The request queue contains operation requests either sent by remote sites. These are requests that are waiting to be processed, and the queue acts as a buffer where all incoming requests are stored for further processing.
The request log, on the other hand, is a log of requests that have been executed by the site. The log is a list of requests ordered by the order in which the requests were executed.

Each request has the form <i, s, o, p>, where i represents the site identifier and s represents the state vector of the site i. The state vector is essentially a vector clock that specify when an operation was executed on site j and its relation to the operations in the request queue in site i. o represents the operation to be performed (insert or delete). Finally, p specifies the priority of the operation.

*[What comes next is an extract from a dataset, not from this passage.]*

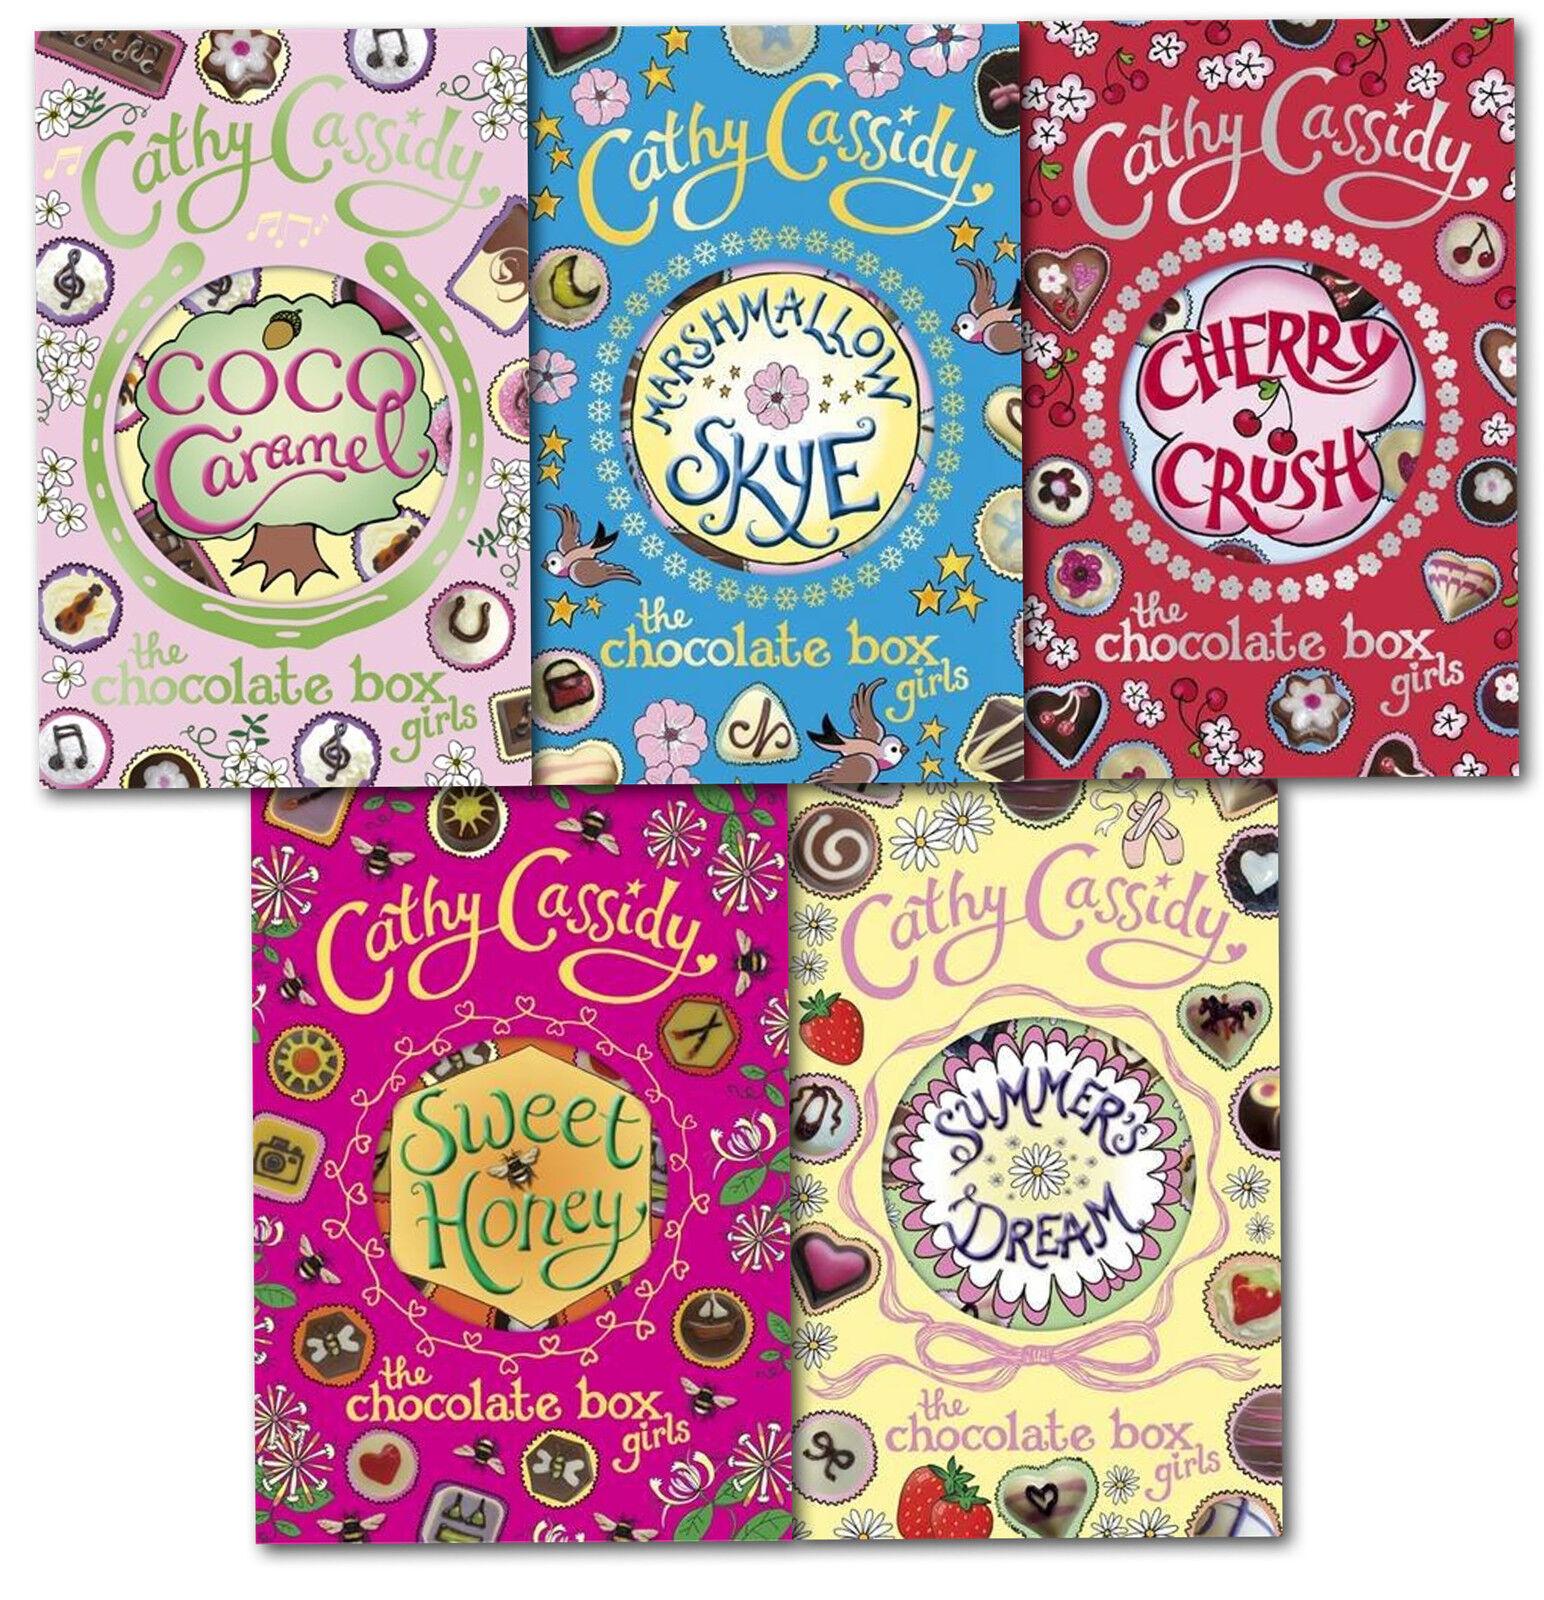 Cathy Cassidy Chocolate Box

The algorithm uses state vectors to order events causally. Given two state vectors si and sj:

si = sj if each component of si is equal to the corresponding component of sj.
si < sj if each component of si is less than or equal to the corresponding component of sj and at least one component of si is less than the corresponding component in sj.
si > sj if at least one component of si is greater than the corresponding component in sj.

The algorithm defines three possible execution states:

Operation request generation,
Operation request reception, and
Operation execution.

During operation request generation the site i generates an insert or delete operation. The operation is not executed immediately; the local data is not modified during operation request generation. Once the request is generated, it is appended to the site’s request queue Qi and broadcast to all other sites.

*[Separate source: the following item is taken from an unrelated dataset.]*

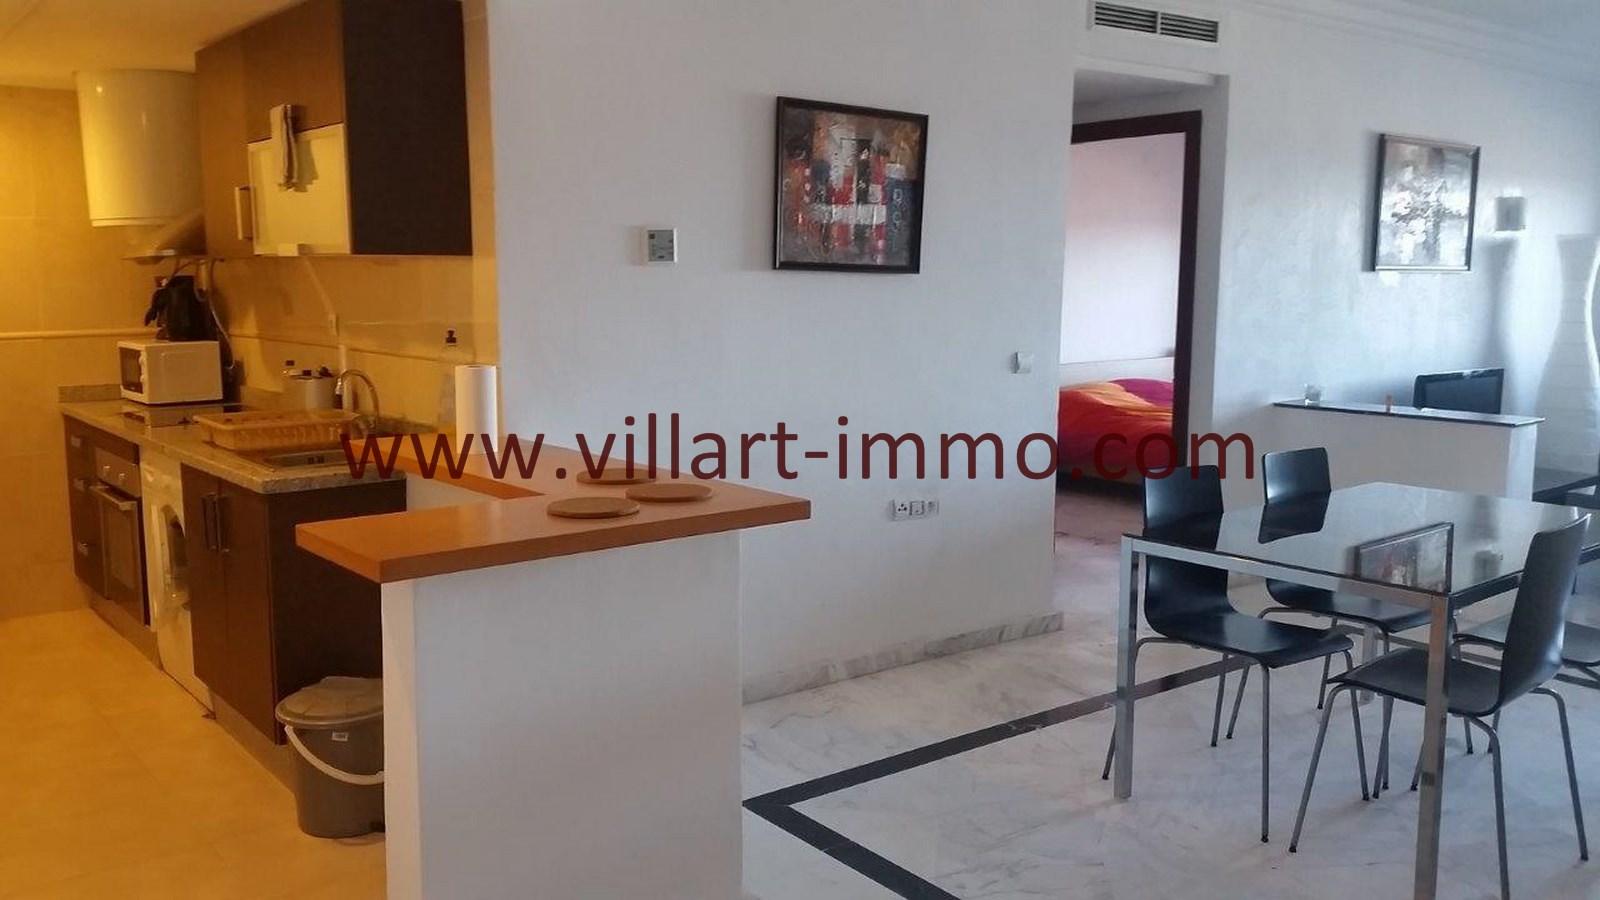 6-Vente-Appartement-Tanger-Centre-De-Ville-Cuisine 1-VA576-Villart Immo

Generate operation <i ,si , o, p>
Qi := Qi + <i ,si , o, p>

A request generated on a site j is eventually received by site i which then moves to the “operation request reception” state. In this state, the received operations are appended to the site’s request queue.

Receive operation request from remote site j: <j ,sj , oj, pj >
Qi := Qi + <j ,sj , oj, pj >

During operation execution, requests from the request queue are processed. The order of execution of requests in the request queue is determined by the total order of events in the request queue as determined by the comparison of the state vectors. Briefly, in this step the operation from the request queue is chosen based on the executed operations in the request log. We locate the operation older than the current state vector at site i. Transformation is performed based on the operation logs in the request log. Comparison of the state vectors follows the conditions stated previously:

If sj > sj, this means that the site j has executed operations which site i has not seen yet. So this operation will have to stay in the queue till all operations between i and j have been executed.
If sj = sj, the two state vectors are identical and operation oj can be executed without transformation.
If sj < sj, site i has executed operations not seen by site j. The operation can be applied immediately, but requires operations to be transformed because other changes not visible to site j have already been executed by site i.